- **THE TASK**:
Transcribe the data below in full, exactly.

[LISTED RECORDS]

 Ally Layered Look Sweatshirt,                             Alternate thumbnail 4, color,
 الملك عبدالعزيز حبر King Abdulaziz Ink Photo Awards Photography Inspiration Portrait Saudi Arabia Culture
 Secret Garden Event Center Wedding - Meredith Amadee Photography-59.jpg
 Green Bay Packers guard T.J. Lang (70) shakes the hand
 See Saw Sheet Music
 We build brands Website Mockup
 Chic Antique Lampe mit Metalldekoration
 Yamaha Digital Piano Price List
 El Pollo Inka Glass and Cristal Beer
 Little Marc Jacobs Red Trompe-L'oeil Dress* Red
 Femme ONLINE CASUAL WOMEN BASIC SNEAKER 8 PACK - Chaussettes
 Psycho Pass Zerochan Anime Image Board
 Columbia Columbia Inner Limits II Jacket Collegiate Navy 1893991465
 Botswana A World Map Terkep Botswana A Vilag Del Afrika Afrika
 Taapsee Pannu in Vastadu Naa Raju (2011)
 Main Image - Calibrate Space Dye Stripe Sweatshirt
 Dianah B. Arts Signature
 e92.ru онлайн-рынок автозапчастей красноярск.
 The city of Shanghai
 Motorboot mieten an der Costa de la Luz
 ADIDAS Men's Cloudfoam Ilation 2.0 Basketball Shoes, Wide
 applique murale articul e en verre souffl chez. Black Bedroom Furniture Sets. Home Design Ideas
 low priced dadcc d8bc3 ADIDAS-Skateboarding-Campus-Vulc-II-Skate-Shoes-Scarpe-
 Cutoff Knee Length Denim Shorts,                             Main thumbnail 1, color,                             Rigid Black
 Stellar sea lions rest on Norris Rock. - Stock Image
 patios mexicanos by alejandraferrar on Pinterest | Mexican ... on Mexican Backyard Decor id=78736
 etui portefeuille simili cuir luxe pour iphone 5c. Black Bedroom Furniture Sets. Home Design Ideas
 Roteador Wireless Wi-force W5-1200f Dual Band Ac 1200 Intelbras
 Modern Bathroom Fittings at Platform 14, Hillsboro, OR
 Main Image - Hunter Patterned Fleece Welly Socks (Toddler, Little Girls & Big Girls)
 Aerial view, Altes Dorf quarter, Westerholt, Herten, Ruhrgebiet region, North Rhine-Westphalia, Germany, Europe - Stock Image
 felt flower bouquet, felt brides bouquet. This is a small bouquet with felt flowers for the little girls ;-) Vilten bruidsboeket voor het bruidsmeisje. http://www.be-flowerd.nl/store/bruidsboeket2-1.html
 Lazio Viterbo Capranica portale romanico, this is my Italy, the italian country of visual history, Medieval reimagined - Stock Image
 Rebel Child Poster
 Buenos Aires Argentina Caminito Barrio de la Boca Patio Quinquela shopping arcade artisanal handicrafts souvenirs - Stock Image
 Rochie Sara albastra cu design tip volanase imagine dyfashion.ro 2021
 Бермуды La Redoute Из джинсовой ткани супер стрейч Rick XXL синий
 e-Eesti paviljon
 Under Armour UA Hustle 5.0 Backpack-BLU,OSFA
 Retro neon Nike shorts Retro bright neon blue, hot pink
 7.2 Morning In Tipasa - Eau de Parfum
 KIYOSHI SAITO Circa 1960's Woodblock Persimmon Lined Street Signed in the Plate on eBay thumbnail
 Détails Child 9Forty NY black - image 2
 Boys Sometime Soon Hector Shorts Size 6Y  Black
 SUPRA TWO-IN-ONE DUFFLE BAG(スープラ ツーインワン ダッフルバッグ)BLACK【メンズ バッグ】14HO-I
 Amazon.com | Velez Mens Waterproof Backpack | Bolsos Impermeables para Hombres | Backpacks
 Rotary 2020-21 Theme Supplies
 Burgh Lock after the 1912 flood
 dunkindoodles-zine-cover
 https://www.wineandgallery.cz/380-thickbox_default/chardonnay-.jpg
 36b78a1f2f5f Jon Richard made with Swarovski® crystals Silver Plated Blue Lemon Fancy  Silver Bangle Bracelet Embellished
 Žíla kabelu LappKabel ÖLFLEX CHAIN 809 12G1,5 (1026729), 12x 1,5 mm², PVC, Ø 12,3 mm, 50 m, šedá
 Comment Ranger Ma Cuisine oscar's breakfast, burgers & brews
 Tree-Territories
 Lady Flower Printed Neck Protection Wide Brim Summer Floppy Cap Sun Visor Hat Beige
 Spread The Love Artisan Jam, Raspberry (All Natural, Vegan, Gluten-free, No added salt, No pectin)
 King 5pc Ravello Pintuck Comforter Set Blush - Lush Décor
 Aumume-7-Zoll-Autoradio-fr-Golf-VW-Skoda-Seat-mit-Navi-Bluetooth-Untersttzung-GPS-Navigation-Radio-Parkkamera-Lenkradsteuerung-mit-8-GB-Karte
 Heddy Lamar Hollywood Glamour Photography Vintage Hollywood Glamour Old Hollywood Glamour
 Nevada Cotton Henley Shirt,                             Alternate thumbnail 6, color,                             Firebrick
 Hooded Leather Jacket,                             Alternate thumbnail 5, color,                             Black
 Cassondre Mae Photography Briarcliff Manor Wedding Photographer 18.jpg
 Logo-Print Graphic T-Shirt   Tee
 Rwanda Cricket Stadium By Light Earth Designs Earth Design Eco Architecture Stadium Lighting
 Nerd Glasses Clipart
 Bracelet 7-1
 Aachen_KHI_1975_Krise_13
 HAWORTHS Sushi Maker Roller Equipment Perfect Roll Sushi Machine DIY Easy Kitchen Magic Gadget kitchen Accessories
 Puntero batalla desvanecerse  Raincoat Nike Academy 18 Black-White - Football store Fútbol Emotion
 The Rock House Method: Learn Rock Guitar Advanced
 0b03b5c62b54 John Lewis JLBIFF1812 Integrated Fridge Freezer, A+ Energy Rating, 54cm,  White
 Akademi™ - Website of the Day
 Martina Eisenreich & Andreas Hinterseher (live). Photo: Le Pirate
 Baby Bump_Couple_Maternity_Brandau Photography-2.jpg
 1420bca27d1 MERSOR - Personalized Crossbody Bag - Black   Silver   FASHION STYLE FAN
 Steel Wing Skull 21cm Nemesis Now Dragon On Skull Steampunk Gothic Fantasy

[/LISTED RECORDS]

- **ANSWER TO THIS EXERCISE**:
 Ally Layered Look Sweatshirt,                             Alternate thumbnail 4, color,
 الملك عبدالعزيز حبر King Abdulaziz Ink Photo Awards Photography Inspiration Portrait Saudi Arabia Culture
 Secret Garden Event Center Wedding - Meredith Amadee Photography-59.jpg
 Green Bay Packers guard T.J. Lang (70) shakes the hand
 See Saw Sheet Music
 We build brands Website Mockup
 Chic Antique Lampe mit Metalldekoration
 Yamaha Digital Piano Price List
 El Pollo Inka Glass and Cristal Beer
 Little Marc Jacobs Red Trompe-L'oeil Dress* Red
 Femme ONLINE CASUAL WOMEN BASIC SNEAKER 8 PACK - Chaussettes
 Psycho Pass Zerochan Anime Image Board
 Columbia Columbia Inner Limits II Jacket Collegiate Navy 1893991465
 Botswana A World Map Terkep Botswana A Vilag Del Afrika Afrika
 Taapsee Pannu in Vastadu Naa Raju (2011)
 Main Image - Calibrate Space Dye Stripe Sweatshirt
 Dianah B. Arts Signature
 e92.ru онлайн-рынок автозапчастей красноярск.
 The city of Shanghai
 Motorboot mieten an der Costa de la Luz
 ADIDAS Men's Cloudfoam Ilation 2.0 Basketball Shoes, Wide
 applique murale articul e en verre souffl chez. Black Bedroom Furniture Sets. Home Design Ideas
 low priced dadcc d8bc3 ADIDAS-Skateboarding-Campus-Vulc-II-Skate-Shoes-Scarpe-
 Cutoff Knee Length Denim Shorts,                             Main thumbnail 1, color,                             Rigid Black
 Stellar sea lions rest on Norris Rock. - Stock Image
 patios mexicanos by alejandraferrar on Pinterest | Mexican ... on Mexican Backyard Decor id=78736
 etui portefeuille simili cuir luxe pour iphone 5c. Black Bedroom Furniture Sets. Home Design Ideas
 Roteador Wireless Wi-force W5-1200f Dual Band Ac 1200 Intelbras
 Modern Bathroom Fittings at Platform 14, Hillsboro, OR
 Main Image - Hunter Patterned Fleece Welly Socks (Toddler, Little Girls & Big Girls)
 Aerial view, Altes Dorf quarter, Westerholt, Herten, Ruhrgebiet region, North Rhine-Westphalia, Germany, Europe - Stock Image
 felt flower bouquet, felt brides bouquet. This is a small bouquet with felt flowers for the little girls ;-) Vilten bruidsboeket voor het bruidsmeisje. http://www.be-flowerd.nl/store/bruidsboeket2-1.html
 Lazio Viterbo Capranica portale romanico, this is my Italy, the italian country of visual history, Medieval reimagined - Stock Image
 Rebel Child Poster
 Buenos Aires Argentina Caminito Barrio de la Boca Patio Quinquela shopping arcade artisanal handicrafts souvenirs - Stock Image
 Rochie Sara albastra cu design tip volanase imagine dyfashion.ro 2021
 Бермуды La Redoute Из джинсовой ткани супер стрейч Rick XXL синий
 e-Eesti paviljon
 Under Armour UA Hustle 5.0 Backpack-BLU,OSFA
 Retro neon Nike shorts Retro bright neon blue, hot pink
 7.2 Morning In Tipasa - Eau de Parfum
 KIYOSHI SAITO Circa 1960's Woodblock Persimmon Lined Street Signed in the Plate on eBay thumbnail
 Détails Child 9Forty NY black - image 2
 Boys Sometime Soon Hector Shorts Size 6Y  Black
 SUPRA TWO-IN-ONE DUFFLE BAG(スープラ ツーインワン ダッフルバッグ)BLACK【メンズ バッグ】14HO-I
 Amazon.com | Velez Mens Waterproof Backpack | Bolsos Impermeables para Hombres | Backpacks
 Rotary 2020-21 Theme Supplies
 Burgh Lock after the 1912 flood
 dunkindoodles-zine-cover
 https://www.wineandgallery.cz/380-thickbox_default/chardonnay-.jpg
 36b78a1f2f5f Jon Richard made with Swarovski® crystals Silver Plated Blue Lemon Fancy  Silver Bangle Bracelet Embellished
 Žíla kabelu LappKabel ÖLFLEX CHAIN 809 12G1,5 (1026729), 12x 1,5 mm², PVC, Ø 12,3 mm, 50 m, šedá
 Comment Ranger Ma Cuisine oscar's breakfast, burgers & brews
 Tree-Territories
 Lady Flower Printed Neck Protection Wide Brim Summer Floppy Cap Sun Visor Hat Beige
 Spread The Love Artisan Jam, Raspberry (All Natural, Vegan, Gluten-free, No added salt, No pectin)
 King 5pc Ravello Pintuck Comforter Set Blush - Lush Décor
 Aumume-7-Zoll-Autoradio-fr-Golf-VW-Skoda-Seat-mit-Navi-Bluetooth-Untersttzung-GPS-Navigation-Radio-Parkkamera-Lenkradsteuerung-mit-8-GB-Karte
 Heddy Lamar Hollywood Glamour Photography Vintage Hollywood Glamour Old Hollywood Glamour
 Nevada Cotton Henley Shirt,                             Alternate thumbnail 6, color,                             Firebrick
 Hooded Leather Jacket,                             Alternate thumbnail 5, color,                             Black
 Cassondre Mae Photography Briarcliff Manor Wedding Photographer 18.jpg
 Logo-Print Graphic T-Shirt   Tee
 Rwanda Cricket Stadium By Light Earth Designs Earth Design Eco Architecture Stadium Lighting
 Nerd Glasses Clipart
 Bracelet 7-1
 Aachen_KHI_1975_Krise_13
 HAWORTHS Sushi Maker Roller Equipment Perfect Roll Sushi Machine DIY Easy Kitchen Magic Gadget kitchen Accessories
 Puntero batalla desvanecerse  Raincoat Nike Academy 18 Black-White - Football store Fútbol Emotion
 The Rock House Method: Learn Rock Guitar Advanced
 0b03b5c62b54 John Lewis JLBIFF1812 Integrated Fridge Freezer, A+ Energy Rating, 54cm,  White
 Akademi™ - Website of the Day
 Martina Eisenreich & Andreas Hinterseher (live). Photo: Le Pirate
 Baby Bump_Couple_Maternity_Brandau Photography-2.jpg
 1420bca27d1 MERSOR - Personalized Crossbody Bag - Black   Silver   FASHION STYLE FAN
 Steel Wing Skull 21cm Nemesis Now Dragon On Skull Steampunk Gothic Fantasy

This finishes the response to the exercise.